This user has the privilege to change member roles.

This is readable, understandable, and ready for the knowledgebase.

No programming code or compiler is needed.

How is this possible? The knowledgebase (KB) already knows the basic concepts, like ‘member’ and ‘memberships’, as well as the relationships, like ‘hasRole’, ‘hasMembershipsIn’, etc. The knowledgebase is not an empty container like a DB, but is a smart partner with fundamental knowledge. We need only add our specifics to existing generic facts and rules.

Practical implications and some implementation strategies

In the image below, you can see a system implementation that has been written in Java (a C# version would reuse most of this code.) The system components interpret XML-based application scenarios, and interact with the knowledgebase, presentation layer, and other services. In these systems, business rules and scenarios retrieved from the knowledgebase can form an audio or video user interface and can invoke existing services like document and business flow processors, etc. Service invocations are implemented with Java (or C#) reflection.

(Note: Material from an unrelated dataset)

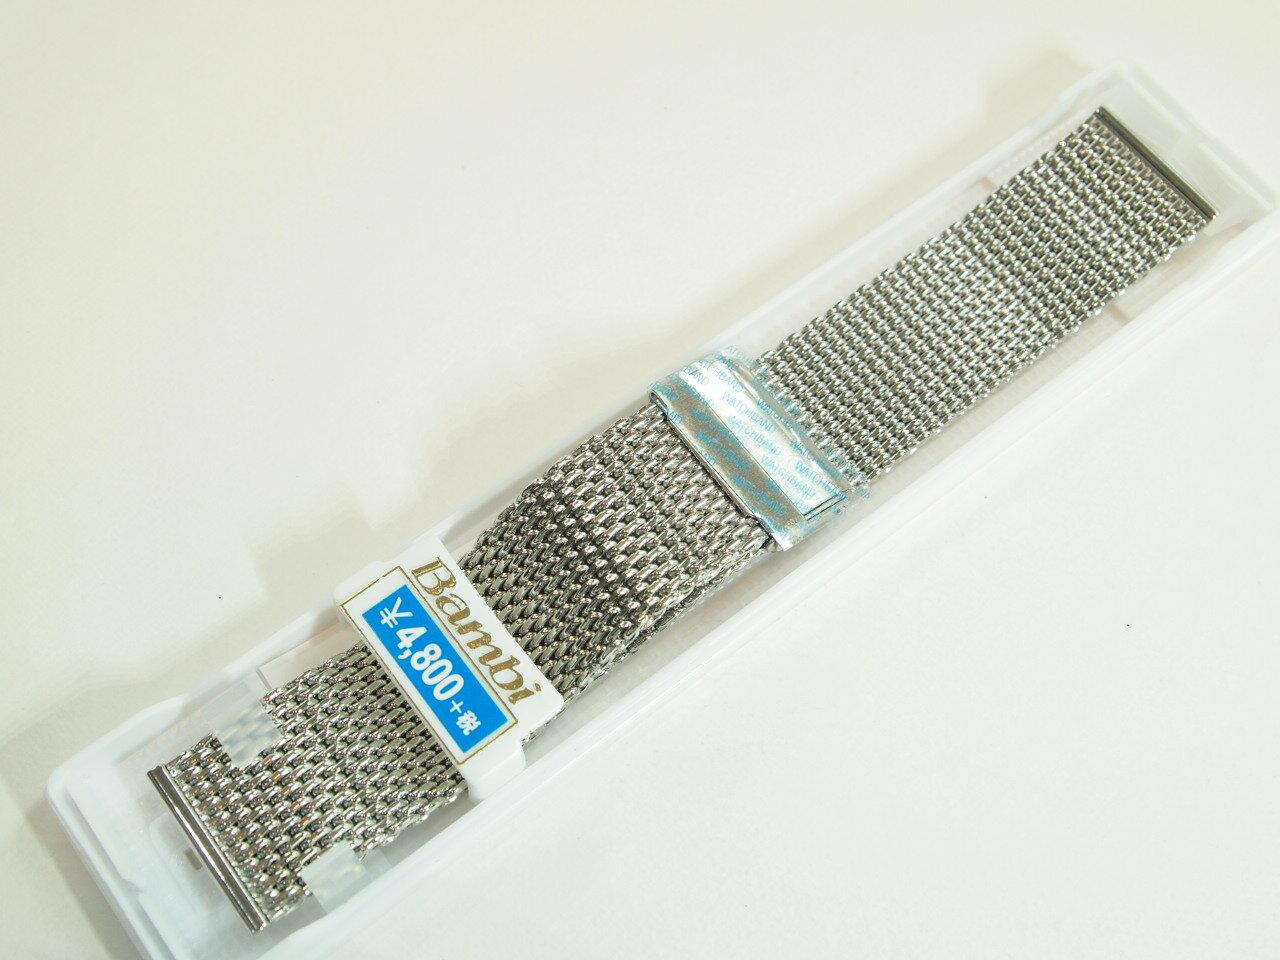 腕時計用アクセサリー, 腕時計用ベルト・バンド 3.0 22

There is also a "Distributed Network Communicator" component (based on JXTA protocols) that allows systems to be engaged in a collaborative knowledge framework [3].

Fig.5.KDA

XML-based application scenarios include both BPEL and ontology types of expressions. The ScenarioPlayer component interprets a subset of BPEL and also allows applications to talk to a knowledgebase with predicate logics (ontology expressions) and create adaptable rules on the fly. This capacity can drastically improve the potential of software in pattern recognition and decision making processes.

Does it mean that we will give up relational and XML data to switch to smarter platforms? This does not seem to be the case. XML has become a standard for internal (low-level) data representation for multiple platforms. Relational data are often built-upon this representation.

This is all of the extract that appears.